His research examines the role of risk and the welfare system in relation to work at these various life stages. “When we are talking about the future of work,” he says, “we should have in mind these new frameworks for what people’s lives will look like, and prepare new generations for a different perspective on employment.”
On the subject of future job loss, he believes the rhetoric is based on a fallacy: “It assumes that the number of jobs is fixed. If in 30 years, half of 100 jobs are being carried out by robots that doesn’t mean we are left with just 50 jobs for humans. The number of jobs will increase: we would expect there to be 150 jobs.”
Dr Ewan McGaughey, at Cambridge’s Centre for Business Research and King’s College London, agrees that “apocalyptic” views about the future of work are misguided. “It’s the laws that restrict the supply of capital to the job market, not the advent of new technologies that causes unemployment.”
His recently published research answers the question of whether automation, AI and robotics will mean a ‘jobless future’ by looking at the causes of unemployment. “History is clear that change can mean redundancies – after World War II, 42% of UK jobs were redundant, but social policy maintained full employment. Yes, technology can displace people.

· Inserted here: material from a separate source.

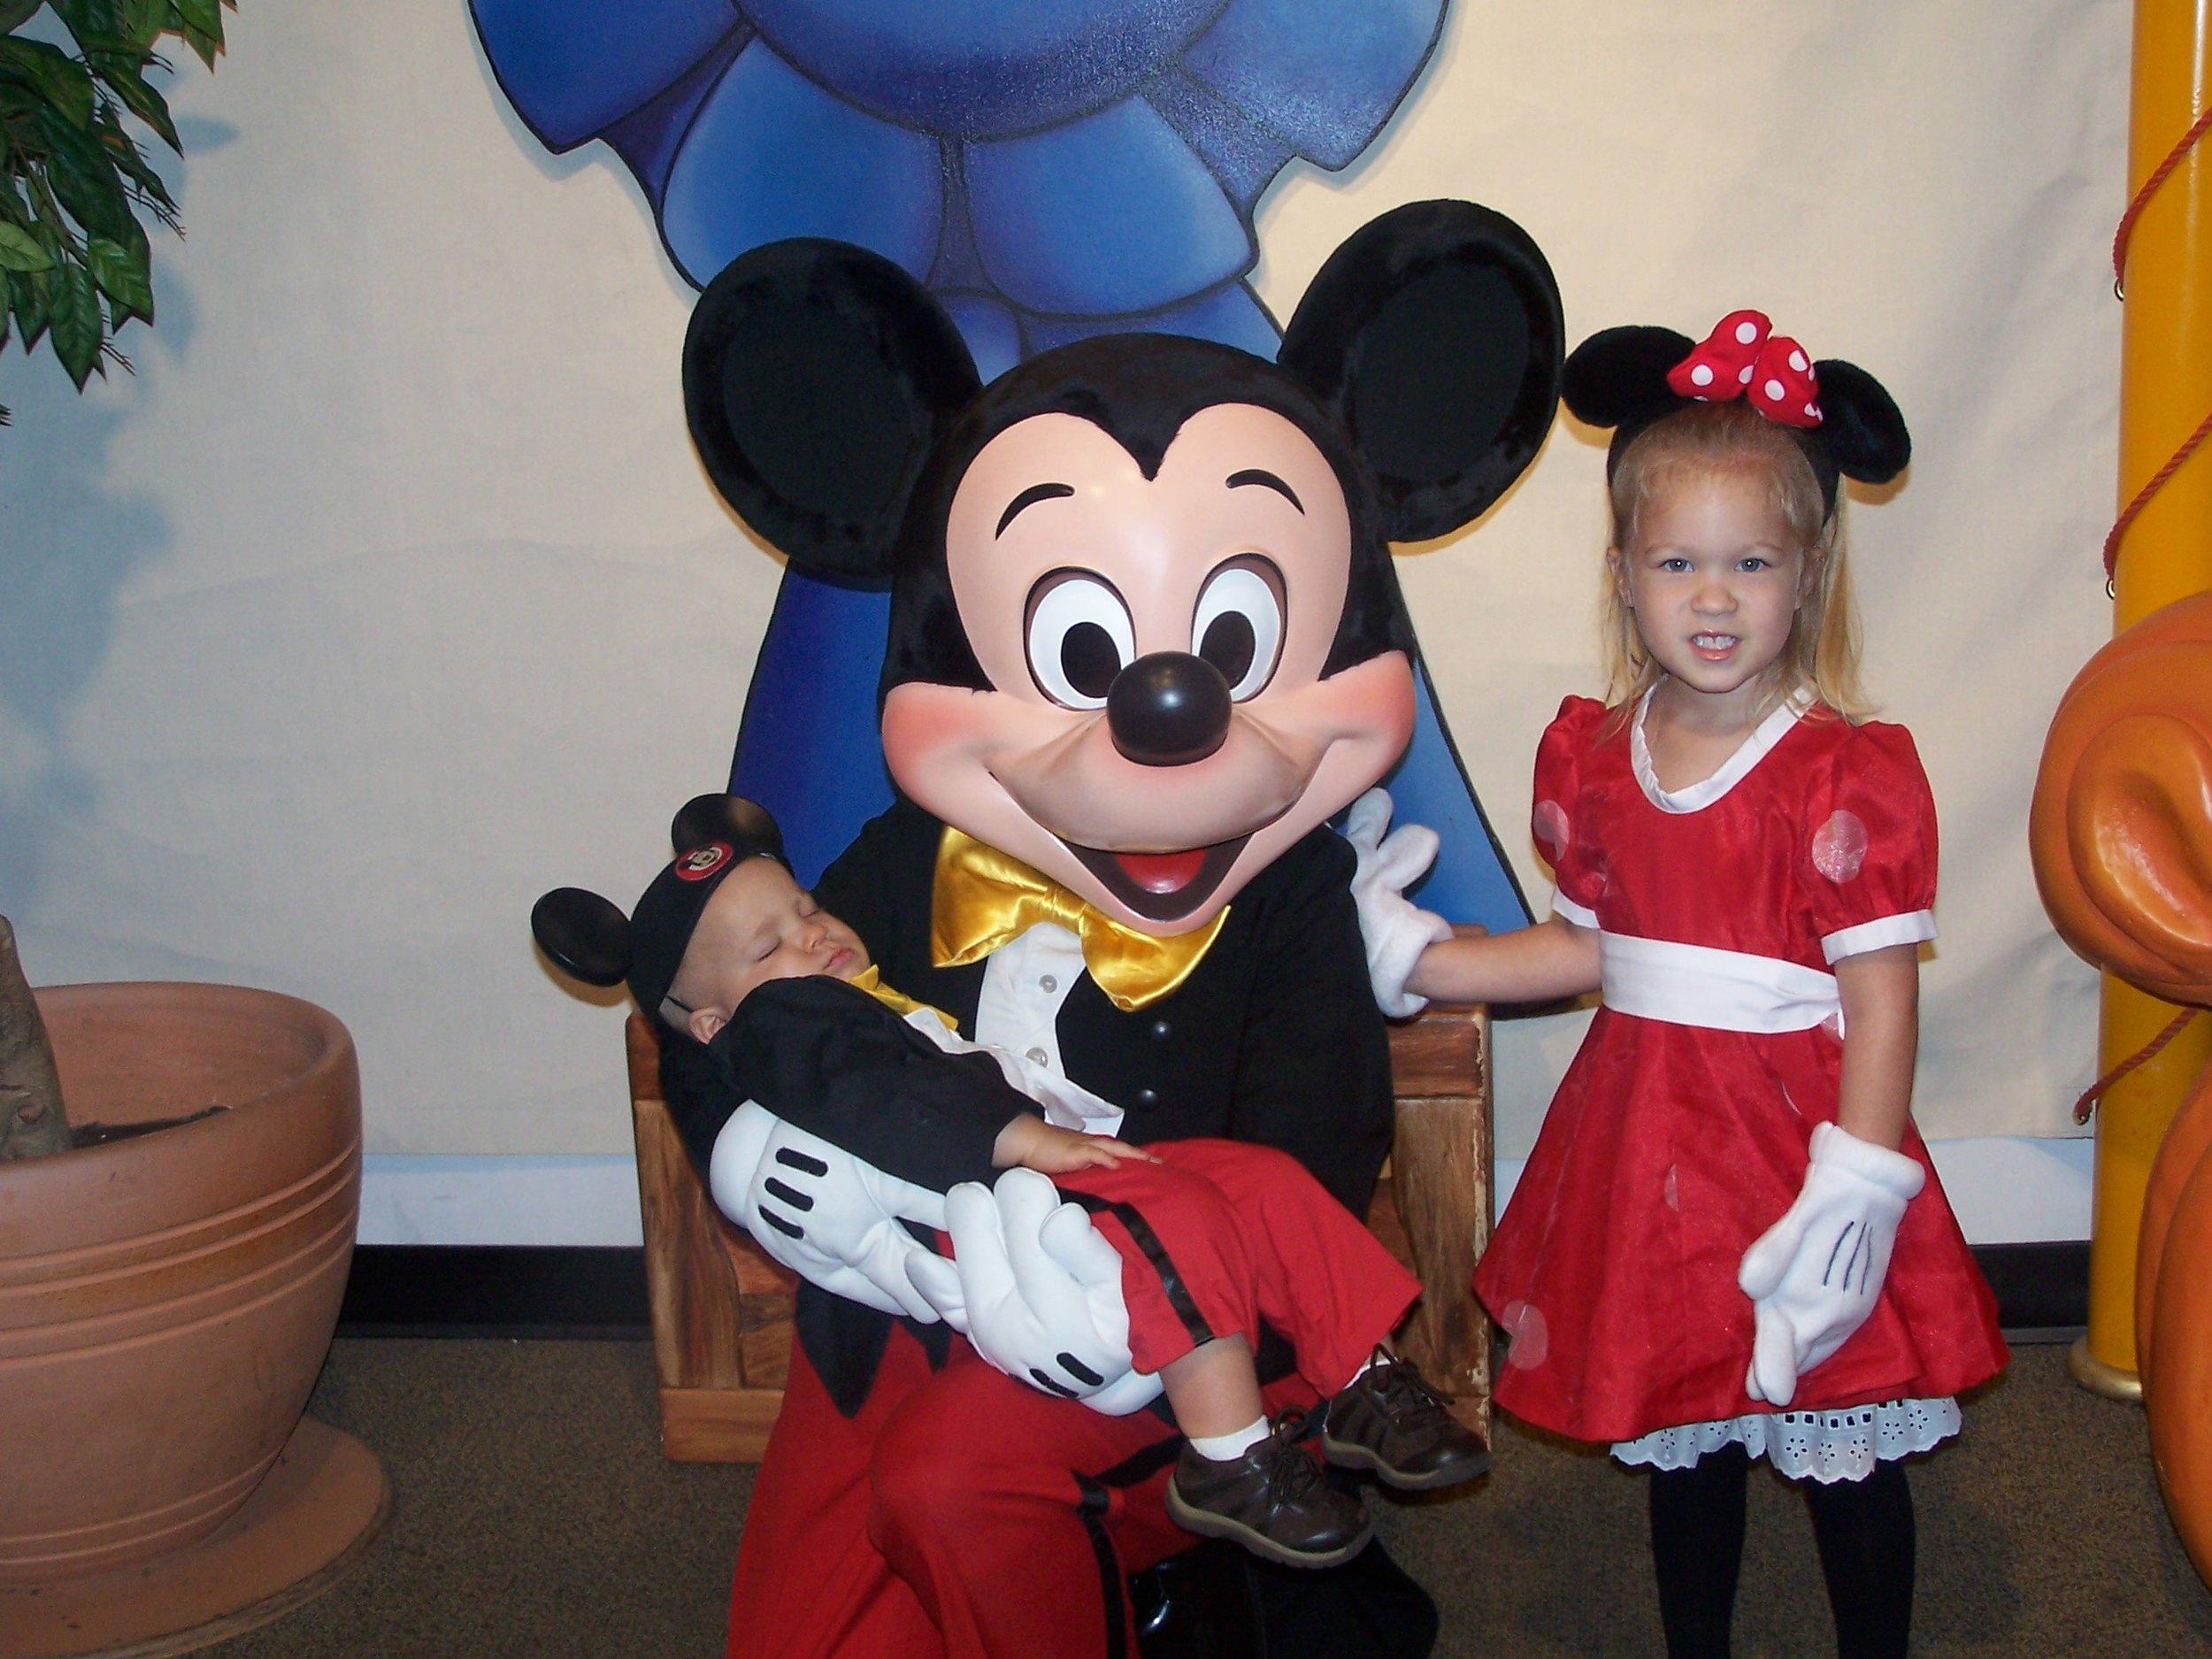 Disney_2004

But social policies can tackle this through retraining and redeployment.”
He adds: “The big problem won’t be unemployment it will be underemployment – people who want to work but can’t because they have zero-hours contracts. If there is going to be change to jobs as a result of AI and robotics then I’d like to see governments seizing the opportunity to improve policy to enforce good job security. We can ‘reprogramme’ the law to prepare for a fairer future of work and leisure.”
This might mean revitalising fiscal and monetary policies such as a universal social security and taxing the owners of robots.

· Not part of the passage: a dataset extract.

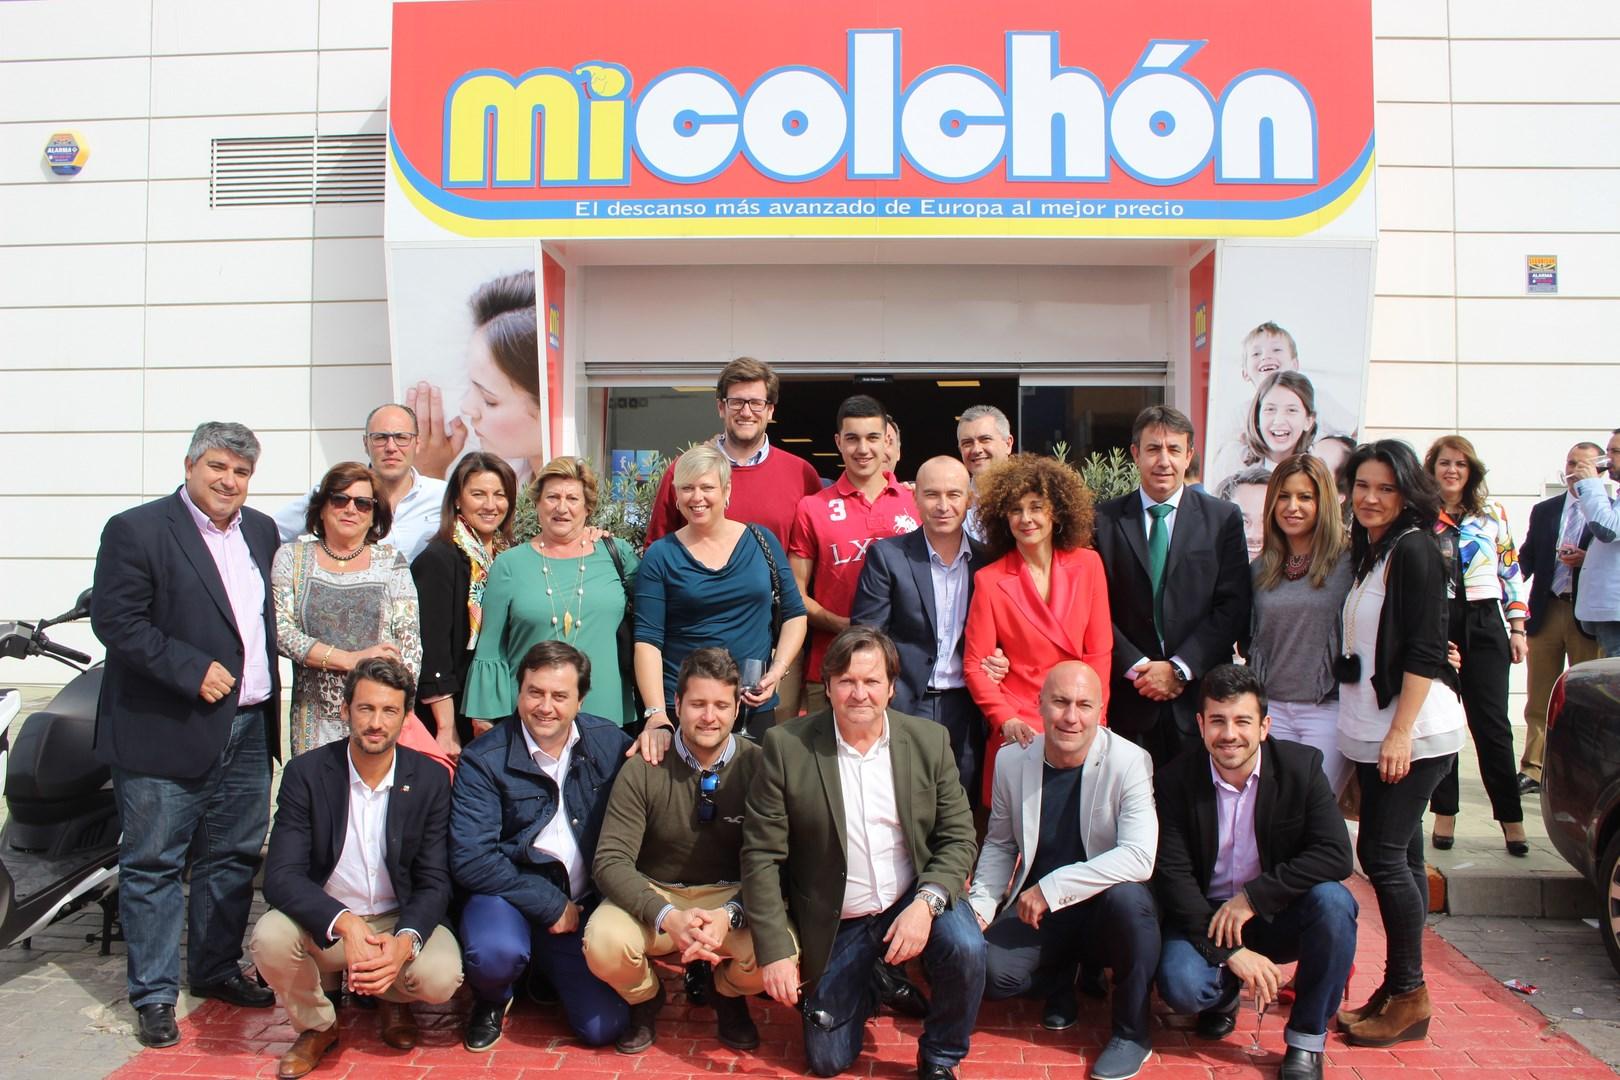 Grupo de empresarios deportivos con Jose Carlos Gaspar, campeón del mundo de Padel

McGaughey’s findings are a call to arms to leaders of organisations, governments and banks to pre-empt the coming changes with bold new policies that ensure full employment, fair incomes and a thriving economic democracy.
“The promises of these new technologies are astounding. They deliver humankind the capacity to live in a way that nobody could have once imagined,” he adds. “Just as the industrial revolution brought people past subsistence agriculture, and the corporate revolution enabled mass production, a third revolution has been pronounced. But it will not only be one of technology. The next revolution will be social.”